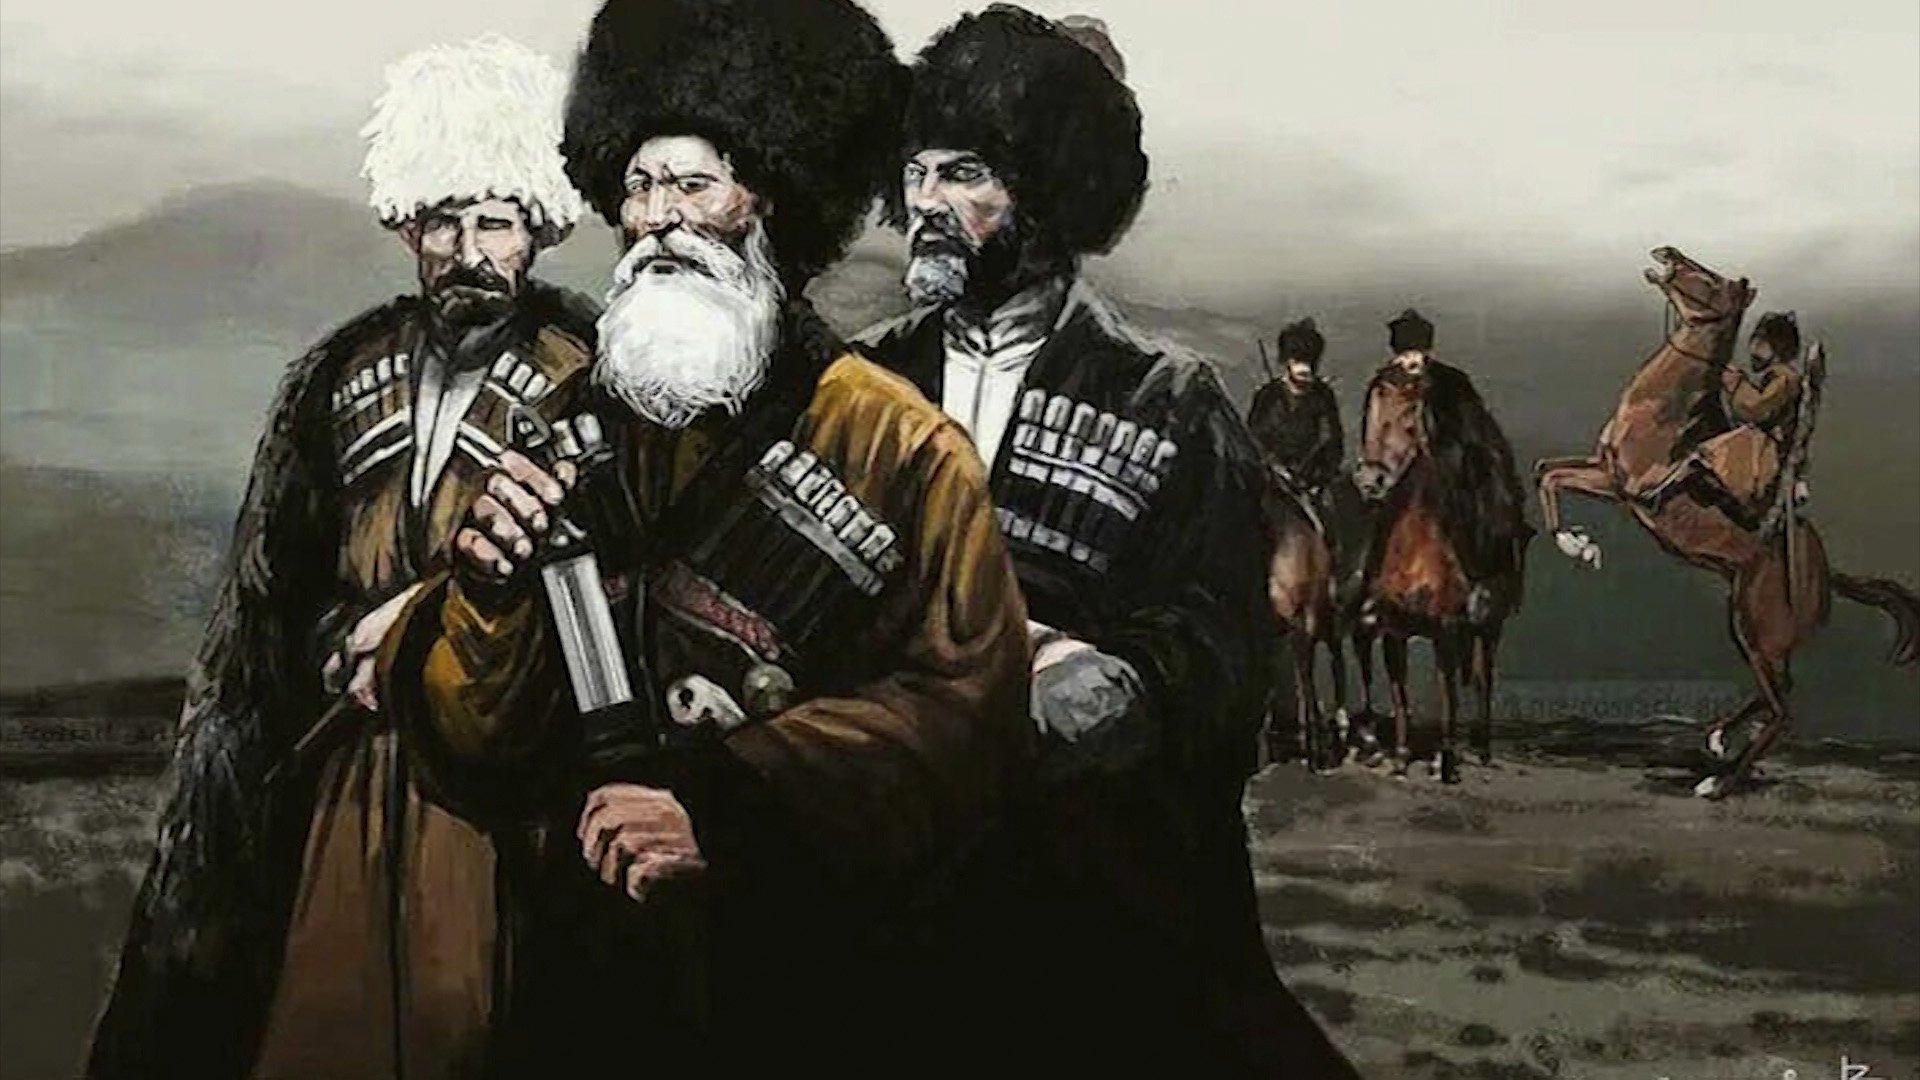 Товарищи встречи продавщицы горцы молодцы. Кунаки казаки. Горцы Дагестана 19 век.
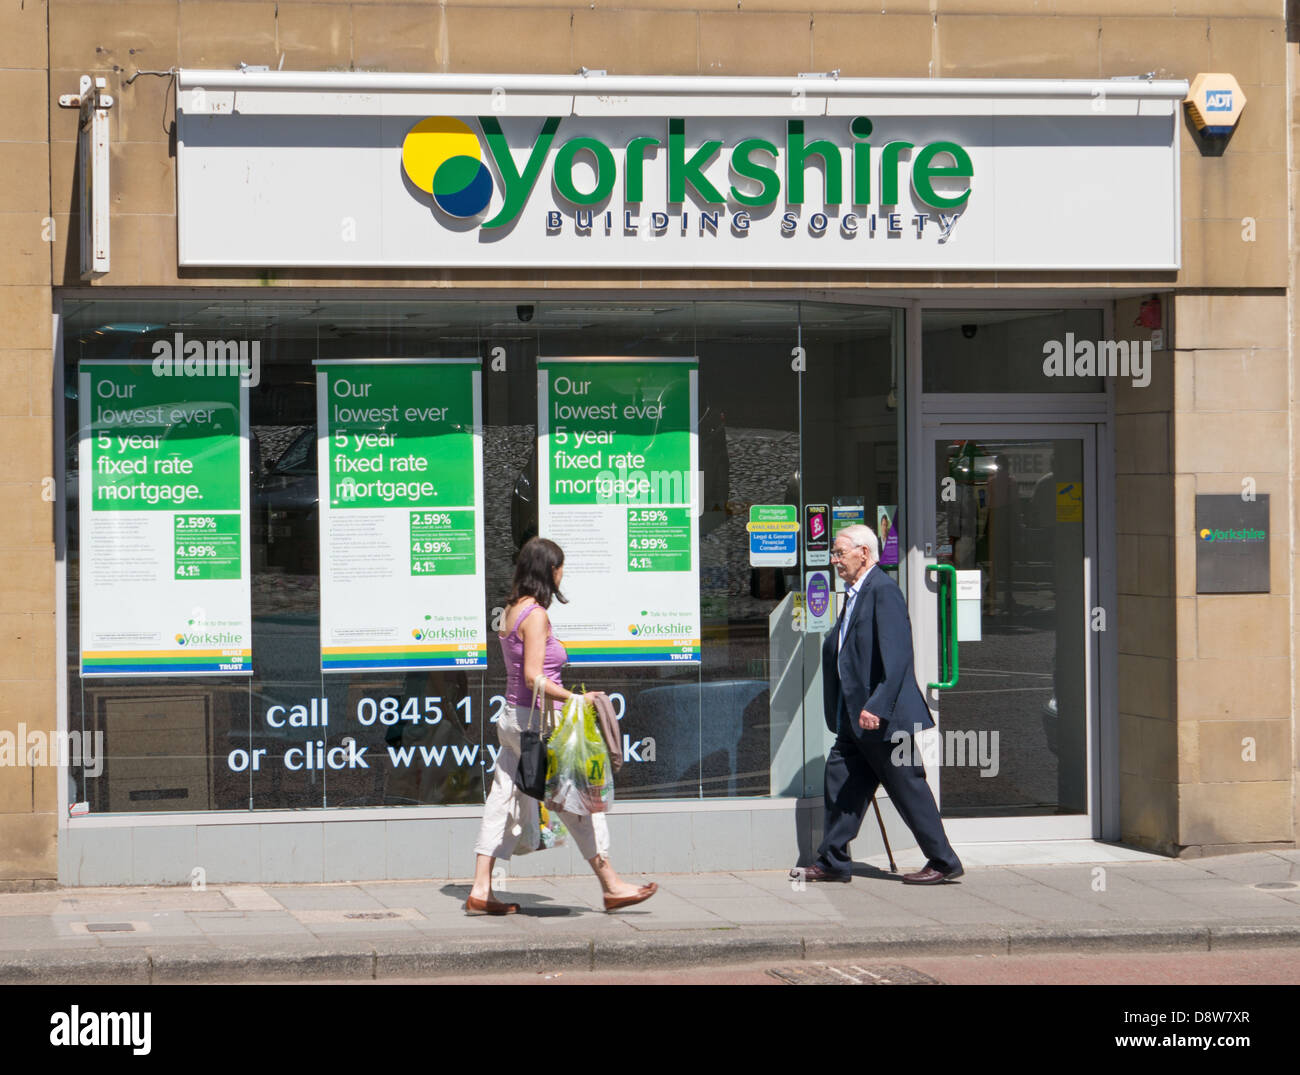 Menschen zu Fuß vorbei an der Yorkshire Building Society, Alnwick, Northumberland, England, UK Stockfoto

---

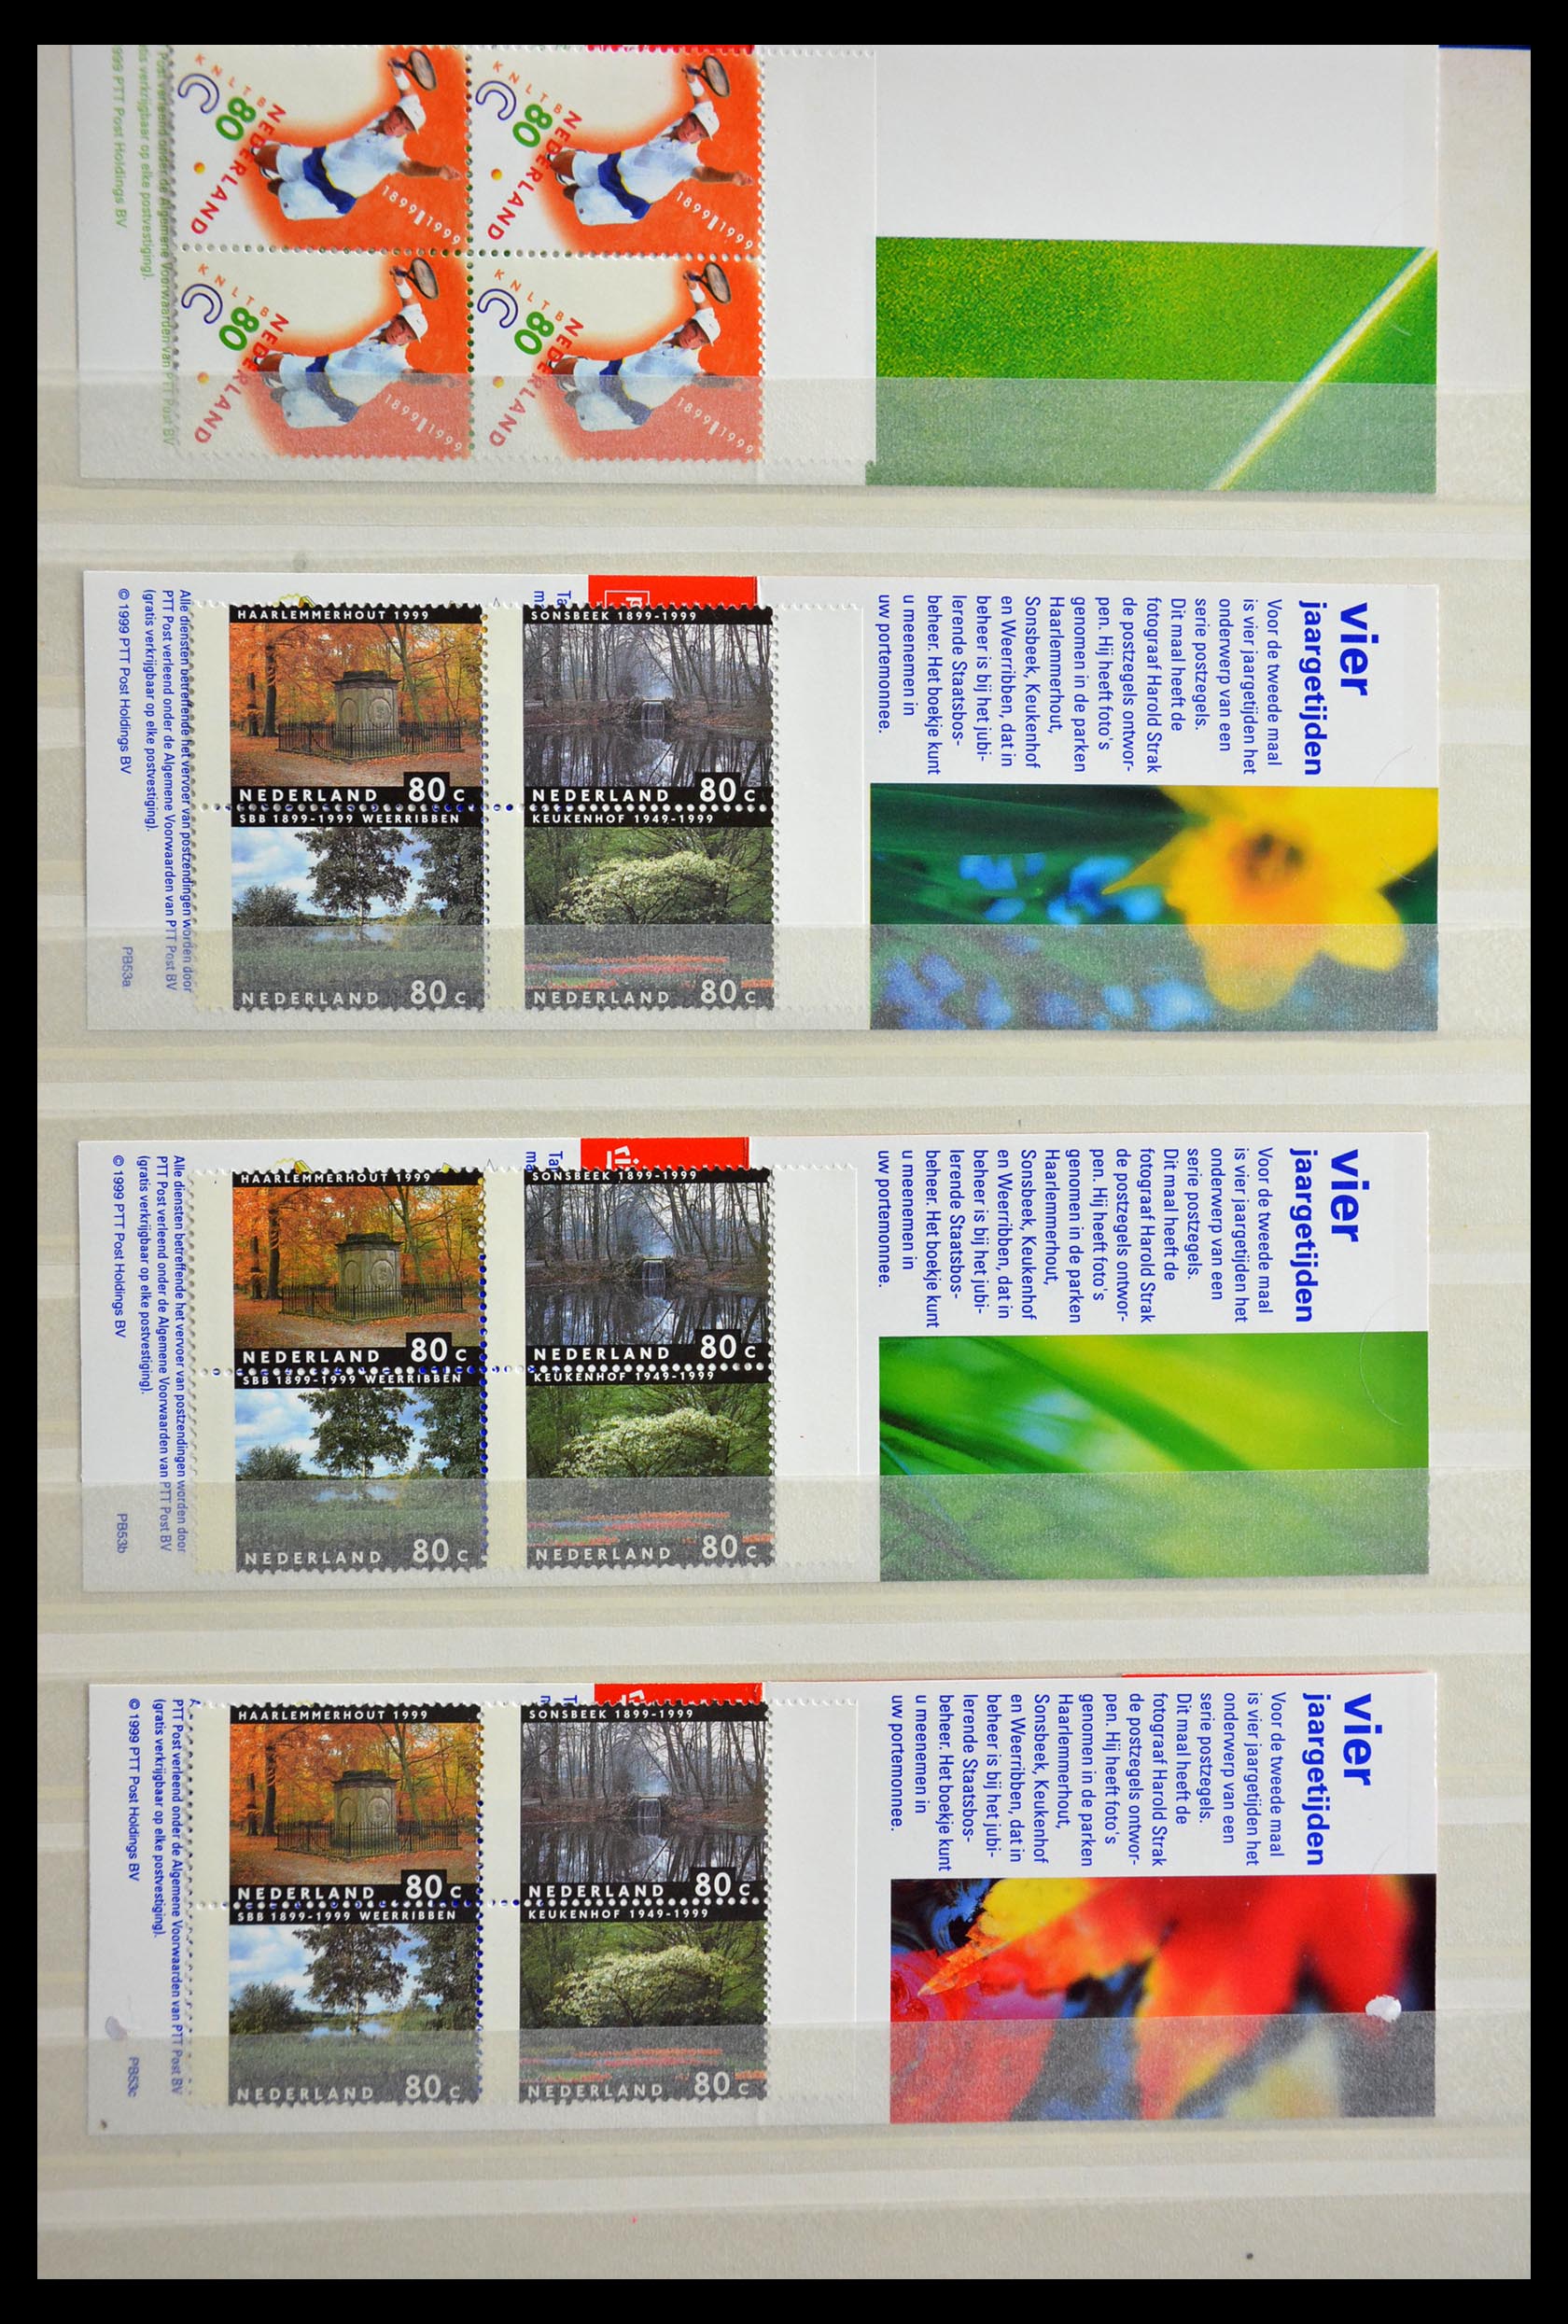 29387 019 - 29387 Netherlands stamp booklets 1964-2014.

**EXERCISE AIM**
The stretch to restate runs from the line above containing "Товарищи встречи продавщицы" through the line containing "Menschen zu Fuß". Copy it word for word, ends included, without pictures.

**ANSWER FOR THIS EXERCISE**
 Товарищи встречи продавщицы горцы молодцы. Кунаки казаки. Горцы Дагестана 19 век.
 Menschen zu Fuß vorbei an der Yorkshire Building Society, Alnwick, Northumberland, England, UK Stockfoto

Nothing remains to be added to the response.